Polish ultralight aircraft

The Aero-Service Panda is a Polish ultralight, designed and produced by Aero-Service Jacek Skopiński of Warsaw. The aircraft is supplied complete and ready-to-fly.

==Design and development==
The Panda was designed to comply with the Fédération Aéronautique Internationale microlight rules. It features a cantilever high-wing, a T-tail, a two-seats-in-side-by-side configuration enclosed cabin, fixed tricycle landing gear and a single engine in tractor configuration.

The aircraft is made from sheet aluminum, with some parts, such as the engine cowling and wing tips made from composites. Its 8.91 m span wing employs a modified NACA 633-618 airfoil, has an area of 10.6 m2 and flaps. The cabin width is 120 cm.

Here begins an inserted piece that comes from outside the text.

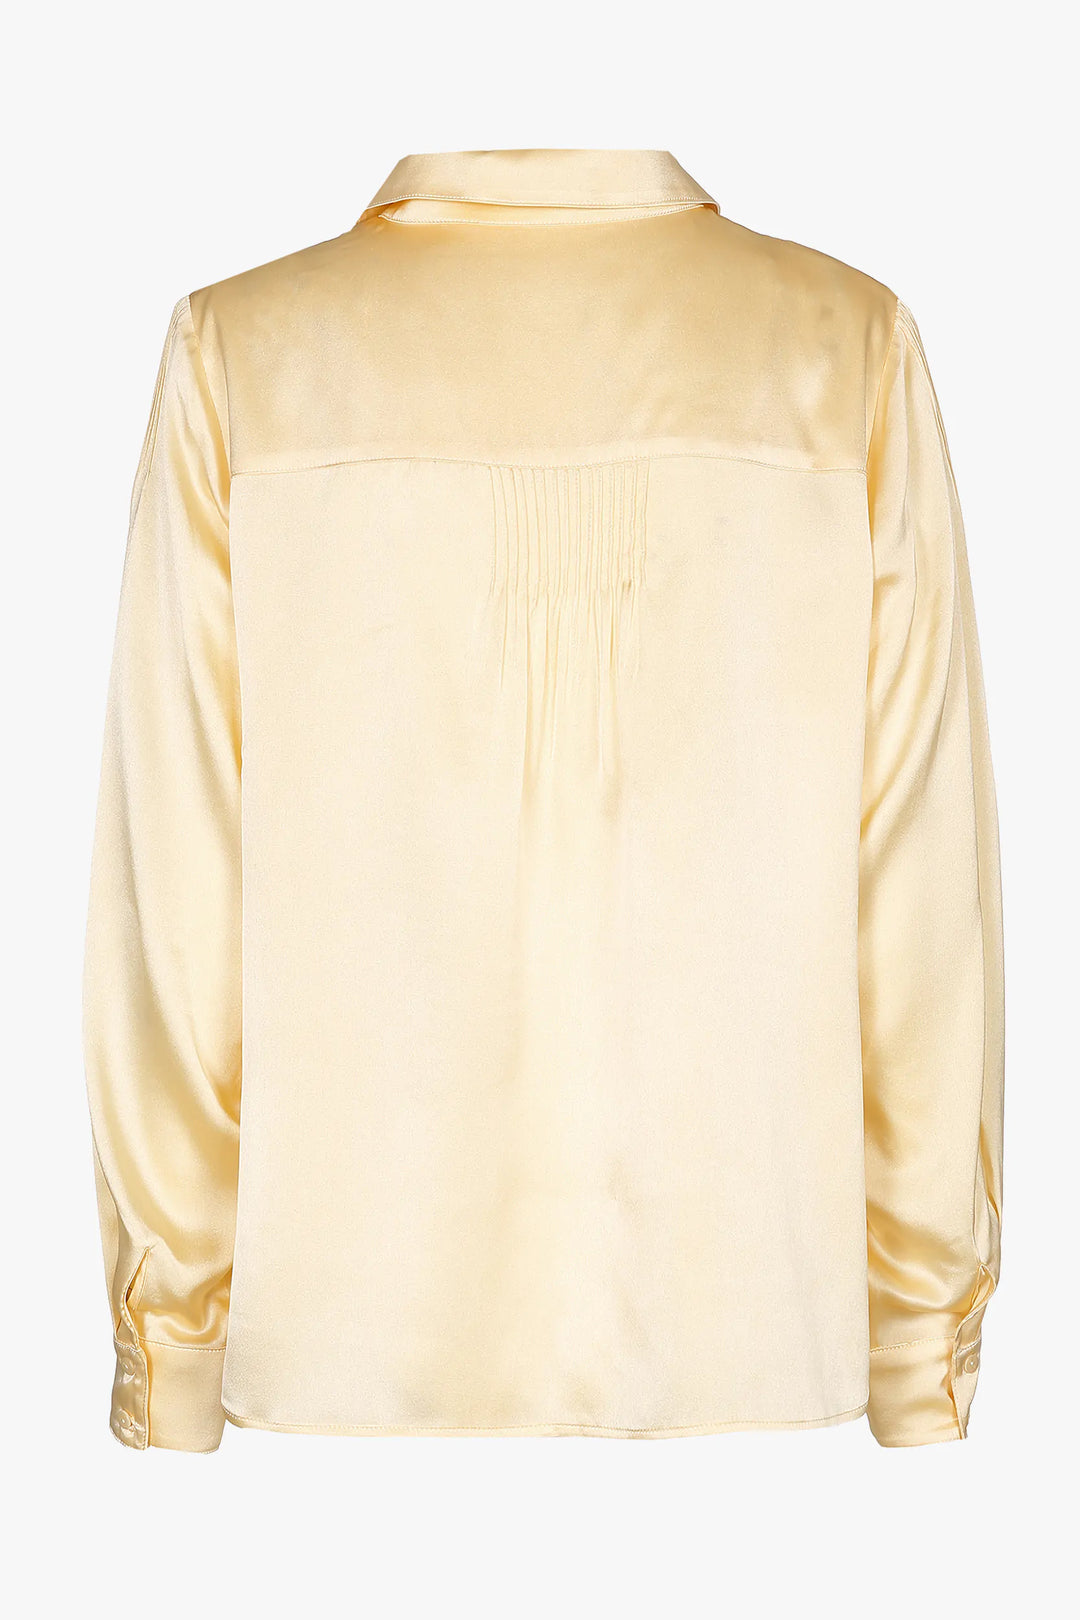 zijde blouse in vanilla - xandres - - grote maten - dameskleding - kledingwinkel - herent - leuven

The Panda prototype was first flown on 28 September 2011.

==Operational history==
Reviewer Marino Boric described the design in a 2015 review as possessing visibility that "is good in all directions because of very large glassed surfaces". He also noted that it is "sold at a reasonable price".

==Variants==
- Panda Standard
Base model powered by an 80 hp Rotax 912UL four-stroke powerplant.
- Panda Sport
Model powered by a 100 hp Rotax 912ULS four-stroke powerplant.
- Panda Exclusive
Model powered by a 100 hp Rotax 912ULS four-stroke powerplant plus with a Dynon glass cockpit and other options as standard.